--- DATA ---

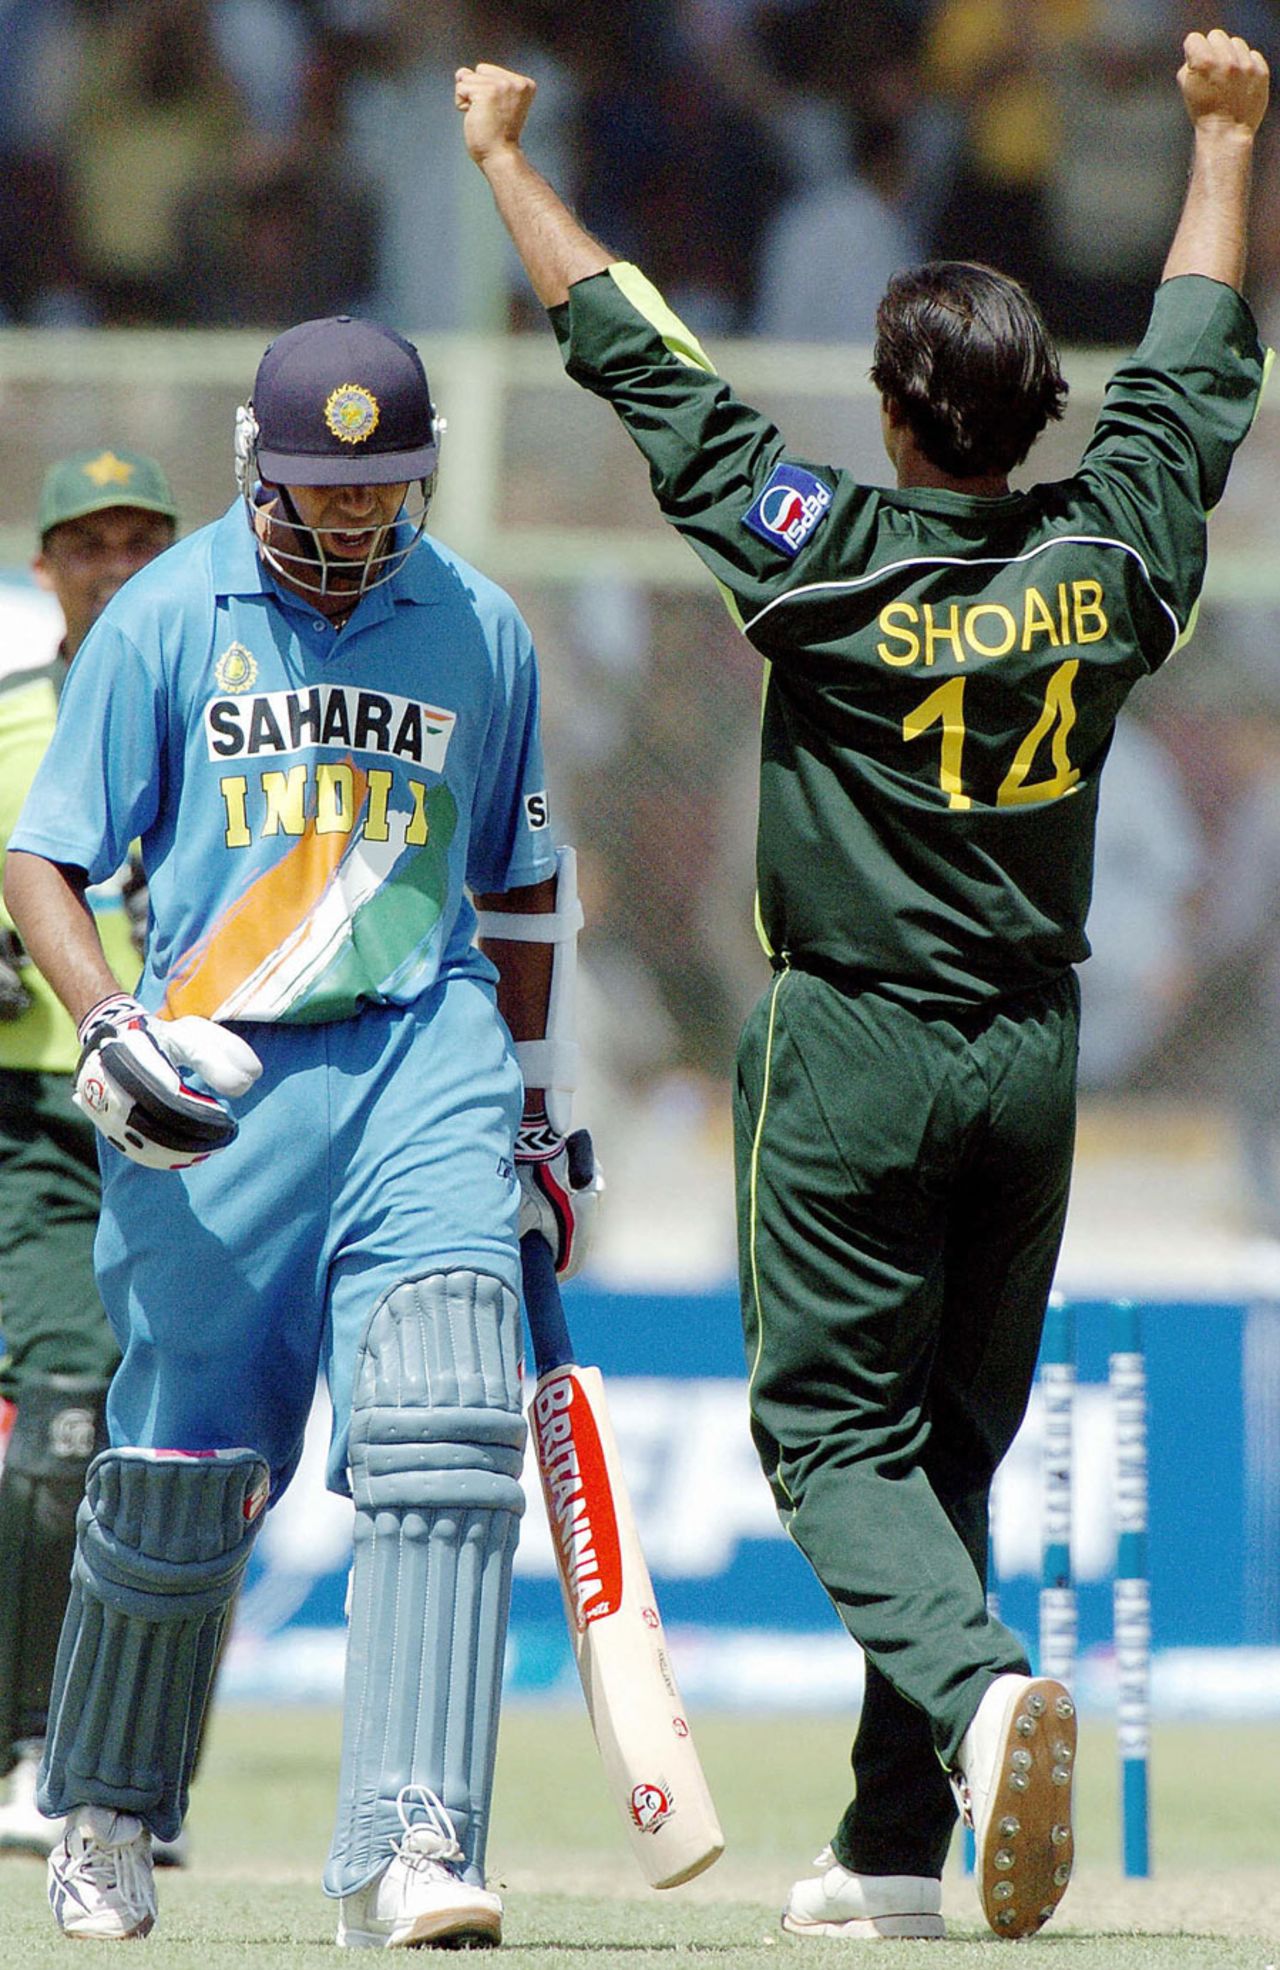 Rahul Dravid departs after being bowled by Shoaib Akhtar for 99, Pakistan v India, 1st ODI, Karachi, March 13, 2004
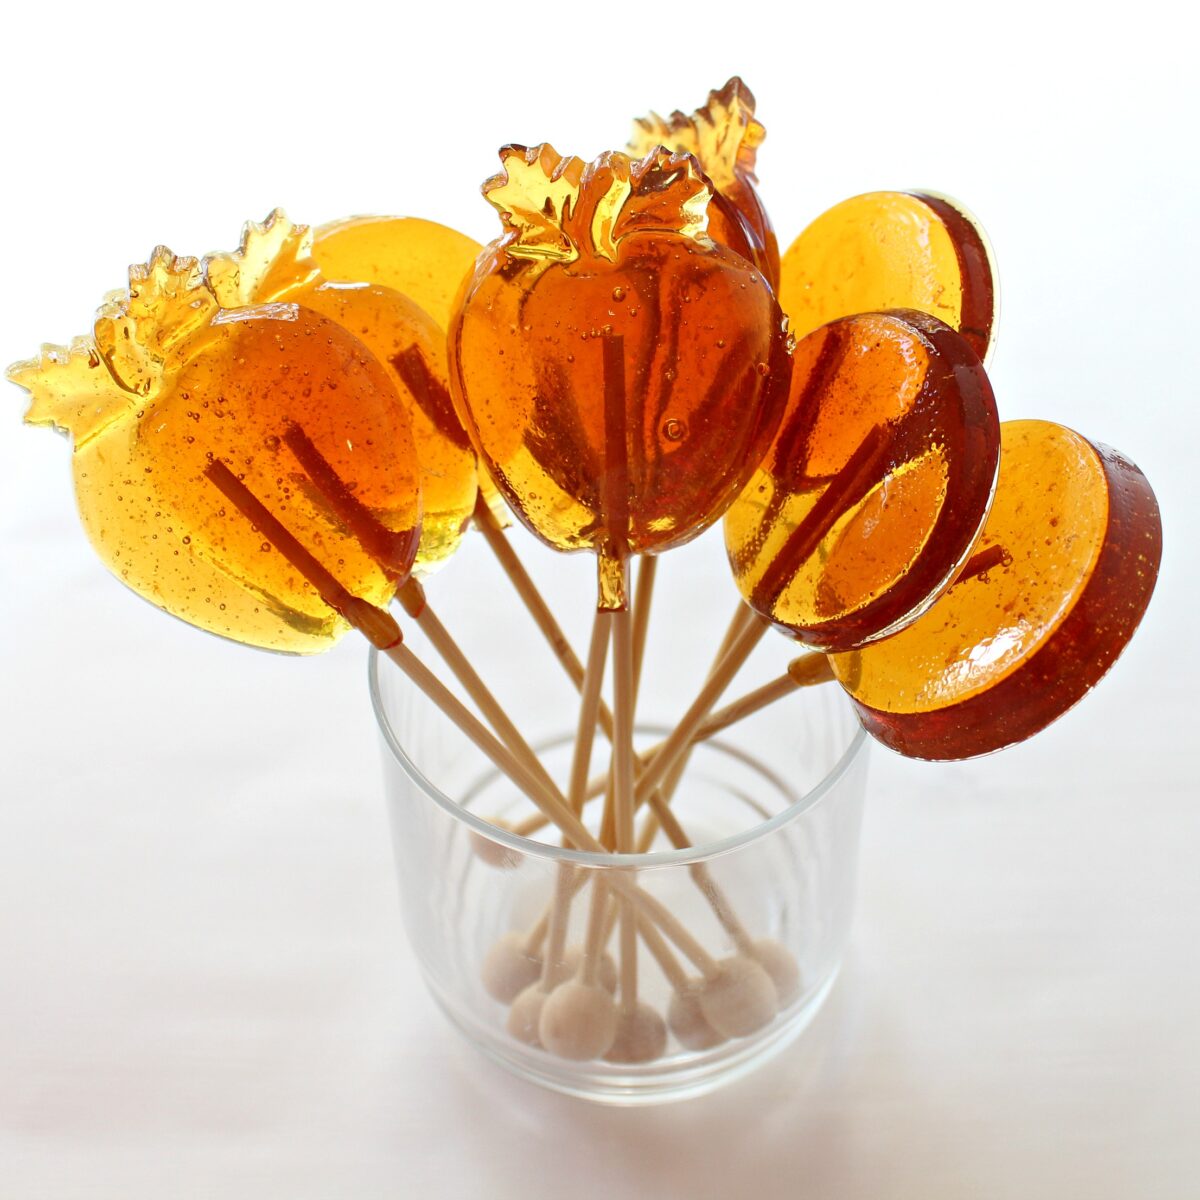 Apple and circle lollipops with wooden sticks in a clear glass.
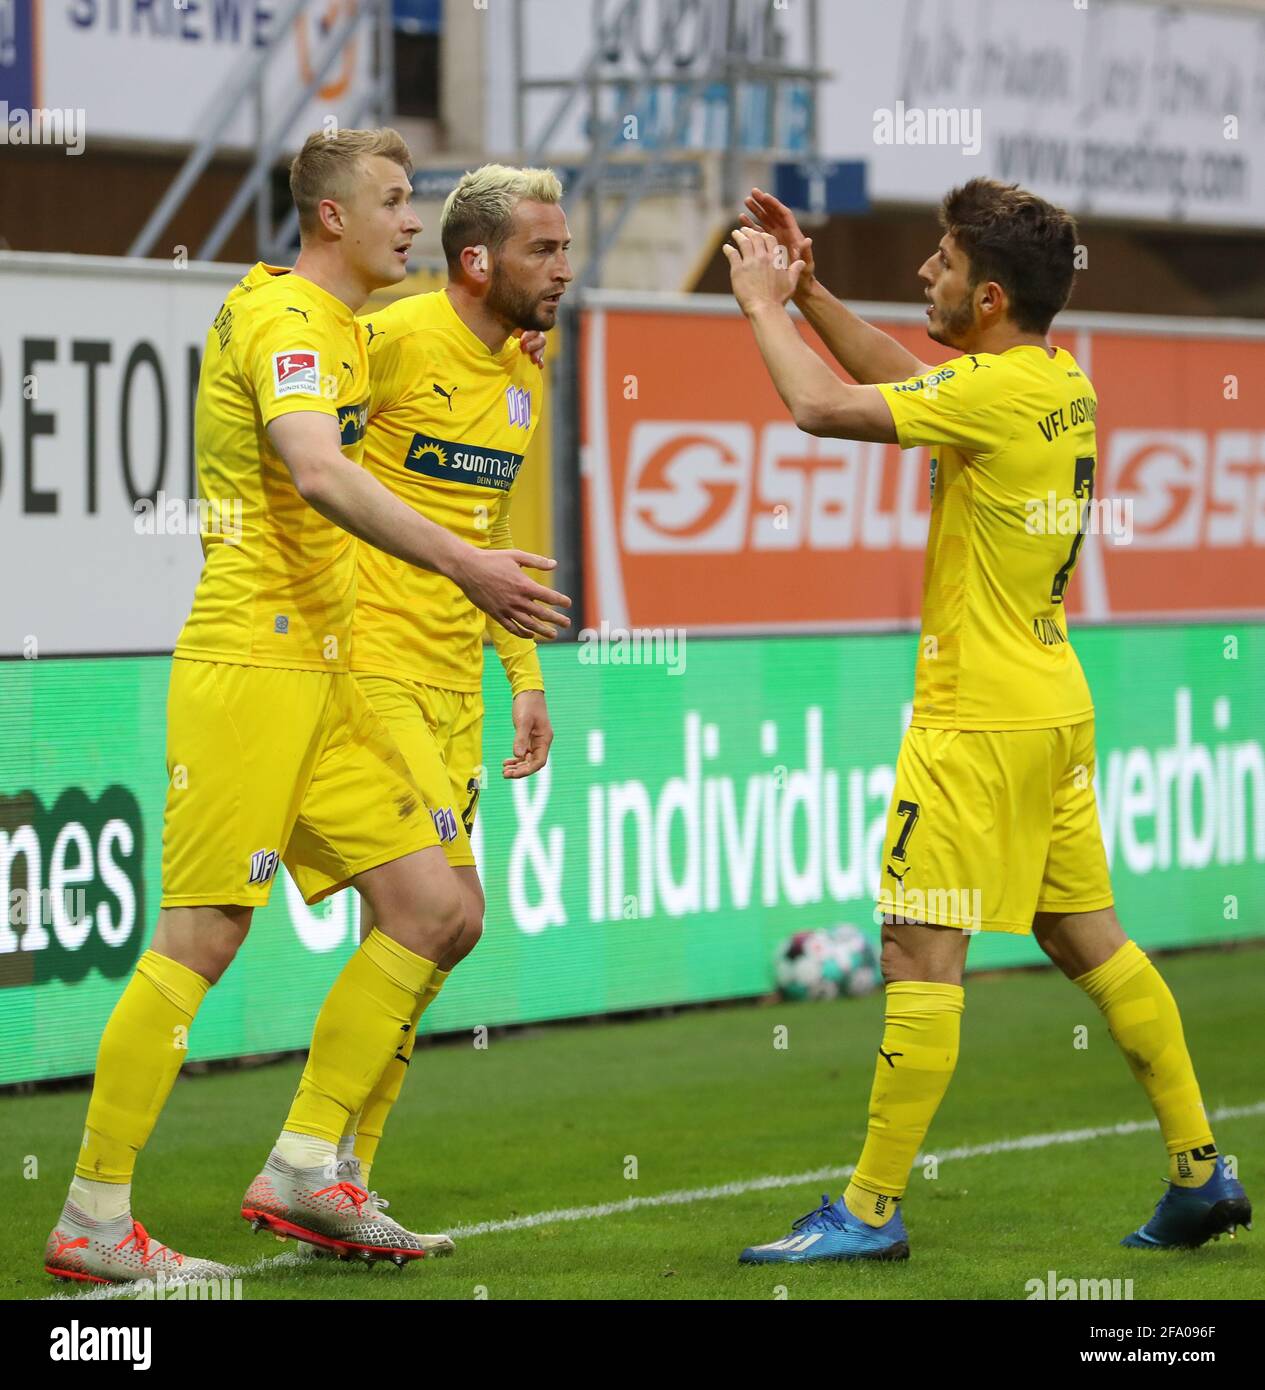 Paderborn, Germany. 21st Apr, 2021. Football: 2nd Bundesliga, SC Paderborn 07 - VfL Osnabrück, Matchday 30 at Benteler-Arena. Osnabrück's goal scorer Marc Heider (centre) celebrates his goal to make it 1:2 with Lukas Gugganig (l-r) and Bashkim Ajdini. Credit: Friso Gentsch/dpa - IMPORTANT NOTE: In accordance with the regulations of the DFL Deutsche Fußball Liga and/or the DFB Deutscher Fußball-Bund, it is prohibited to use or have used photographs taken in the stadium and/or of the match in the form of sequence pictures and/or video-like photo series./dpa/Alamy Live News Stock Photo

---

■ EXERCISE OBJECTIVE: Only the lines from the top of the material above down to the line bearing "Apple and circle", that line included, should be set down exactly; no pictures.

■ FINISHED EXERCISE:
 Rahul Dravid departs after being bowled by Shoaib Akhtar for 99, Pakistan v India, 1st ODI, Karachi, March 13, 2004
 Apple and circle lollipops with wooden sticks in a clear glass.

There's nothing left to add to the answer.